It seems likely that direct, official integration of Megatron-Core’s tensor/pipeline parallelism with Ray Train v2 is not currently supported. Ray Train v2 primarily supports data parallelism (DDP/FSDP) and does not natively handle the multi-dimensional rank and process group requirements of Megatron-Core, nor its custom data loading patterns. There is an open feature request for NeMo Megatron strategy integration, but as of now, this is not implemented in Ray Train v2 (Ray GitHub Issue #51387).
My understanding is that you should use Ray for cluster orchestration and resource management, but rely on Megatron-Core’s own launch and training scripts for actual model training if you need full tensor/pipeline parallelism. Ray Train v2’s orchestration is not designed for Megatron’s multi-dimensional parallelism out of the box (Ray GitHub Issue #51387). Would you like more detail on possible workarounds or hybrid approaches?
My understanding is that, since Ray Train v2 does not natively support Megatron-Core’s tensor/pipeline parallelism, the main workaround is to use Ray for cluster orchestration (resource allocation, job launching, monitoring), but run Megatron’s own distributed launcher for training. This means Ray manages the cluster and launches jobs, but Megatron handles all intra-job parallelism and process group setup (Ray GitHub Issue #51387).

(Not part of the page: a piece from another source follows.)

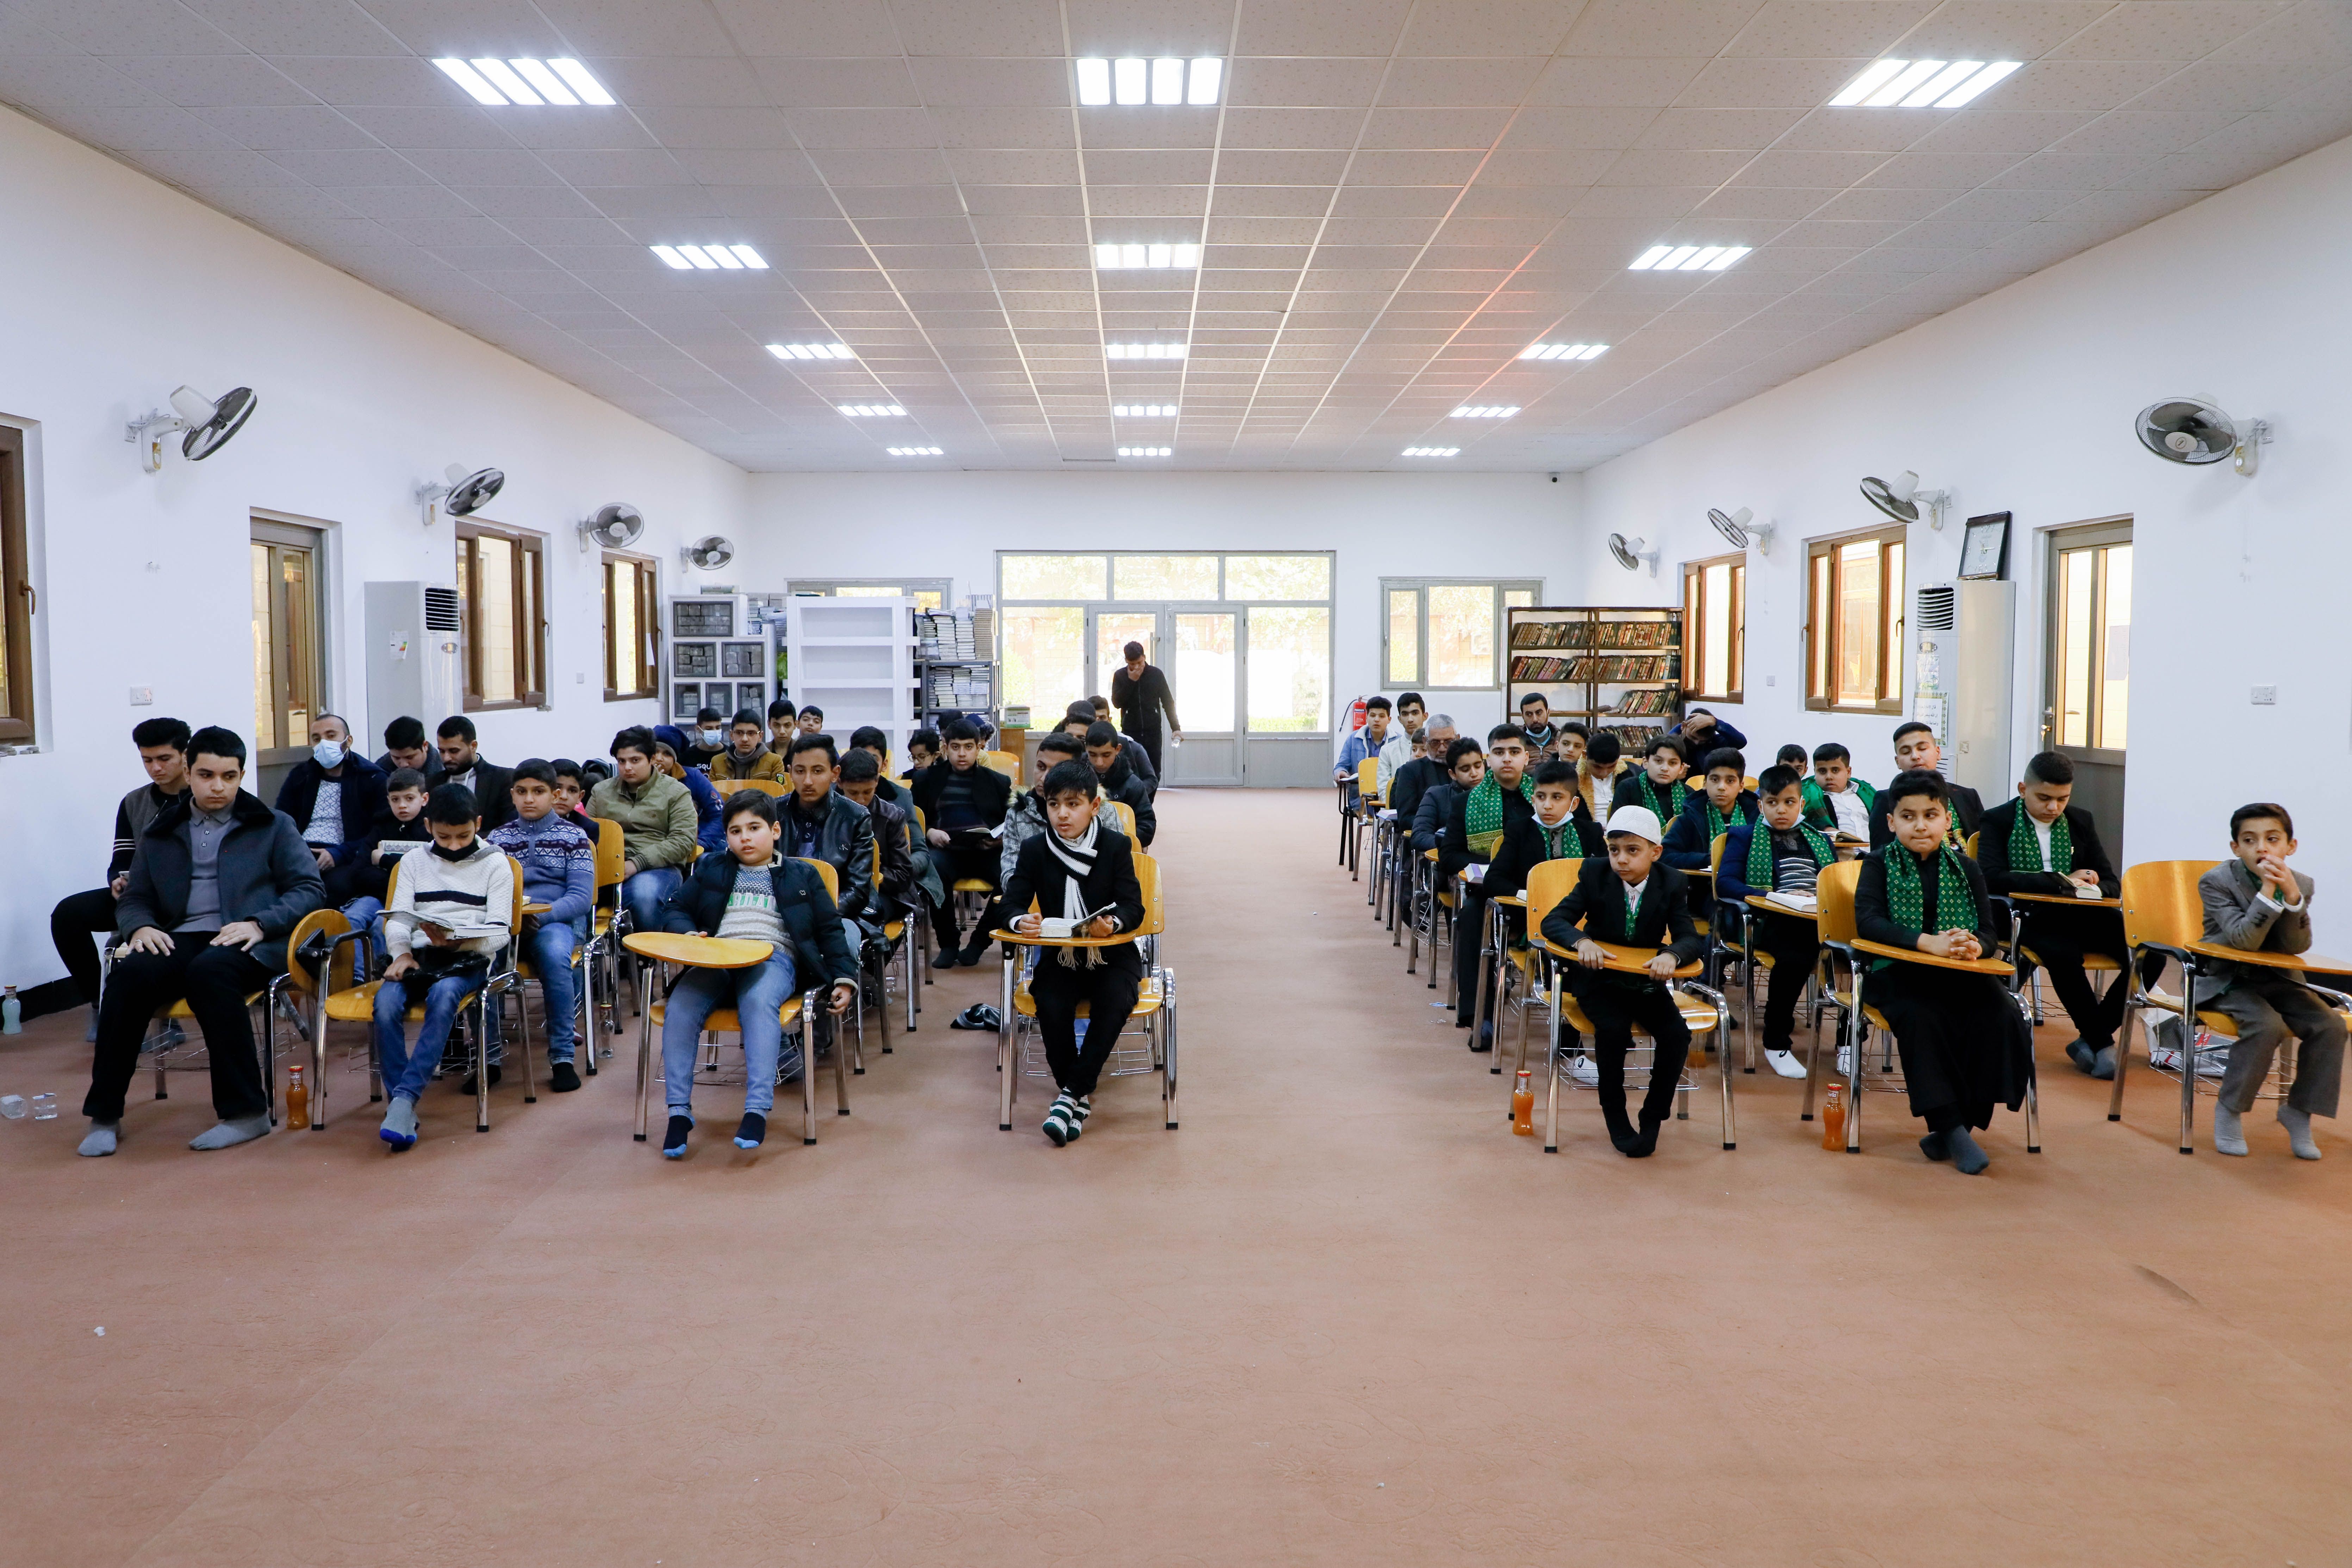 أكثر من 80 طالبا يشاركون في الاختبار المركزي لمشروع حفظ القرآن الكريم في كربلاء المقدسة

A hybrid approach could involve using Ray Actors or Ray Core APIs to launch Megatron training scripts on each node, passing the correct environment variables and rank information, while letting Megatron initialize its own process groups. You can use Ray for pre-processing, data sharding, or post-processing, but keep the training loop and parallelism logic inside Megatron. This avoids conflicts in process group setup and data loading (Ray GitHub Issue #51387). Would you like a code example or more specifics on orchestrating Megatron jobs with Ray?